I have prepared my presentation in English. First of all, I would like to thank the organizers of this excellent conference for very representative and very interesting presentations. The central topic of my presentation will be dealing with the issue of the issue of sanctions. And I decided to abstract myself in this presentation from political or sociological aspects, and to present a picture what can be described in terms of legal dogmatics.
First of all, regarding the title of my presentation, I would slightly change it: I would like to make it more concrete. I would introduce as a sub-title another sort of a sentence: How to make Russia stop war against Ukraine, and how to liberate occupied Crimea and Donbas by using sanctions. Whether we can do it, or we are helpless.
First of all, there is some confusion in the legal literature, in international legal doctrine. Even in national legal doctrine and theory regarding the concept of sanctions. Sanctions can be understood differently. At the risk of oversimplifying things, I offer this definition as the most common definition of sanctions. By legal sanctions we mean a reaction of the legal community against a delict, or against a violation of law, in this case violation of international law. As you can see from this definition which is a definition with a sort of Kelsenian touch, by a sanction we mean a reaction of the community. In other words, legal sanctions, including international legal sanctions, is a negative reaction at the violations of law, which might have not only unilateral, but also multilateral character.
At the same time, there are other terms which are widely used, and this is the source of constant confusion in theory and practice.

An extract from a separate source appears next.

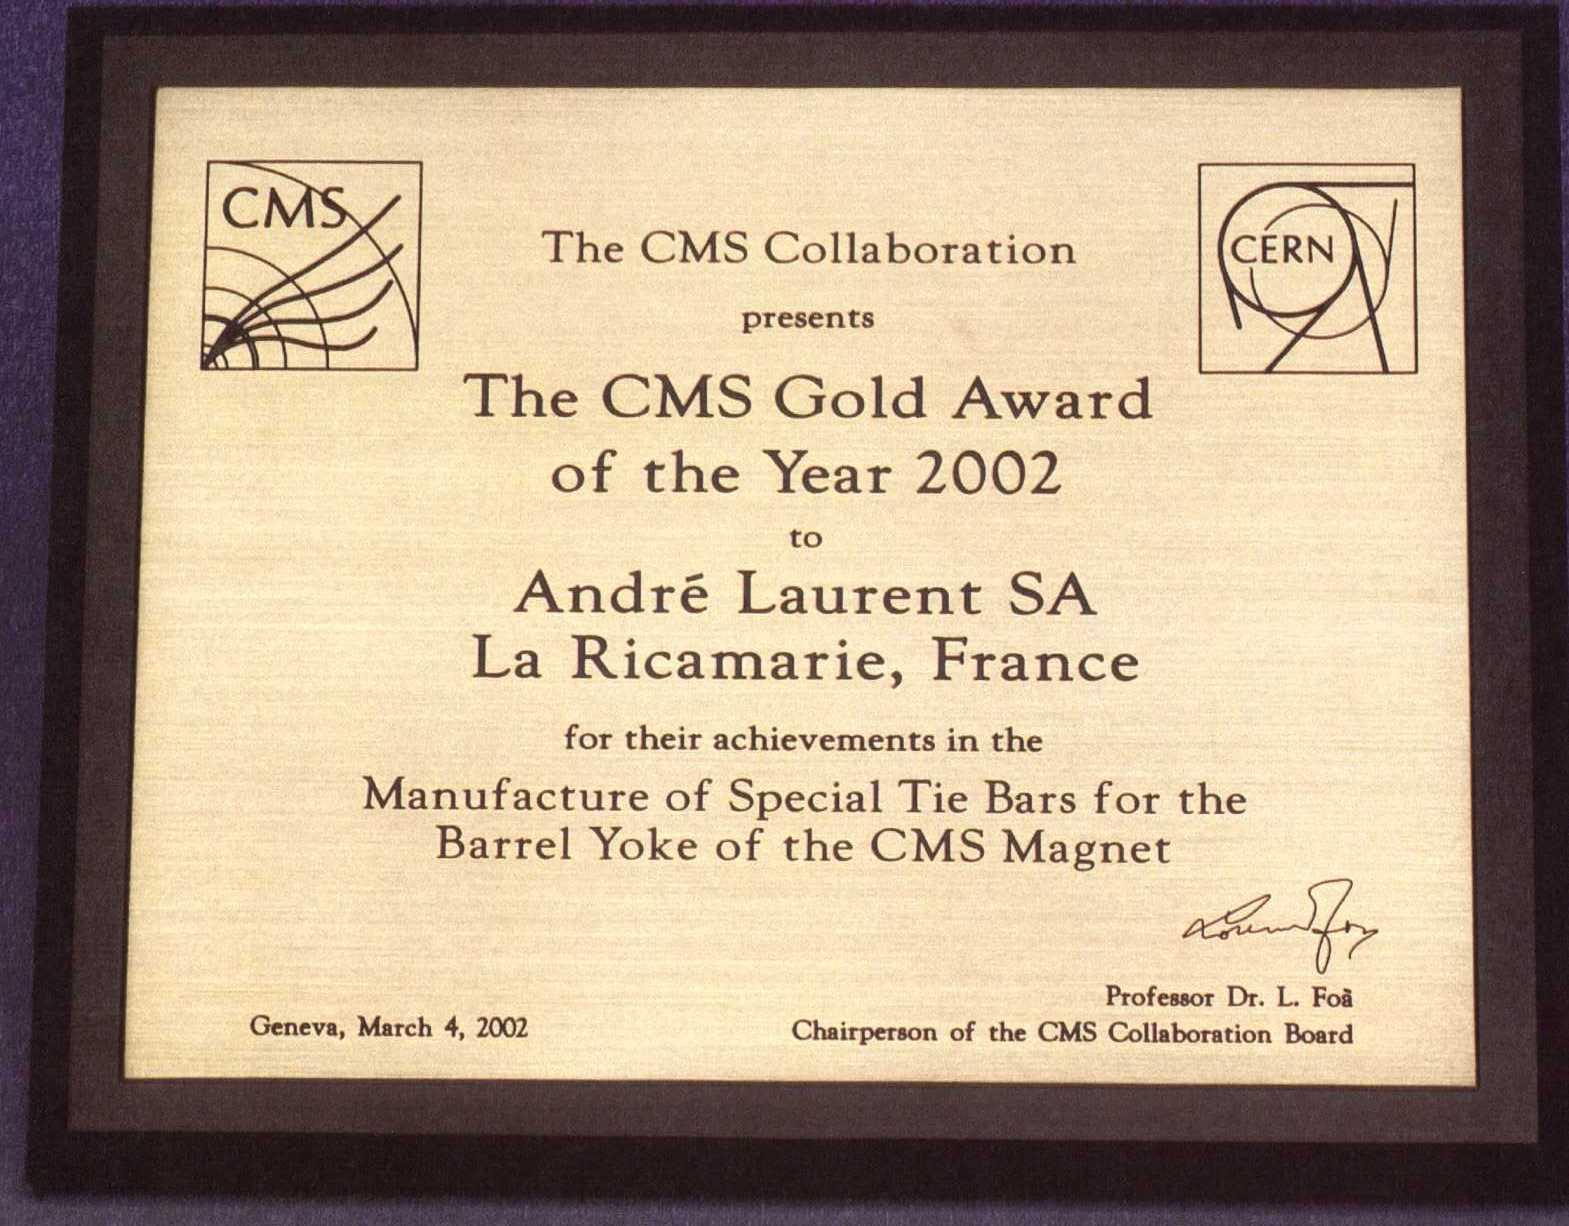 Gold Award for Special Tie Bars for Barrel Yoke (CMS MAGNET)

For example instead of the term “sanctions”, the International Law Commission in its Articles on the state responsibility prefers to use the term “countermeasures”. At the same time, in legal international literature in Russia, for example, specialists on international law are talking about two kinds of countermeasures: countermeasures and sanctions. And to them sanctions are those countermeasures, which are used, which are enforced by the international organizations, primarily by the UN. Interestingly enough, when we take a look at the UN Charter, we will not find a term “sanctions” used in this document. We can find only the term “enforcement actions”. And sometimes in the legal literature there is a confusion regarding the term “sanctions”, the concept of “sanctions” is equated with such concept as forms of responsibility like, for example retorsions, reprisals and so on.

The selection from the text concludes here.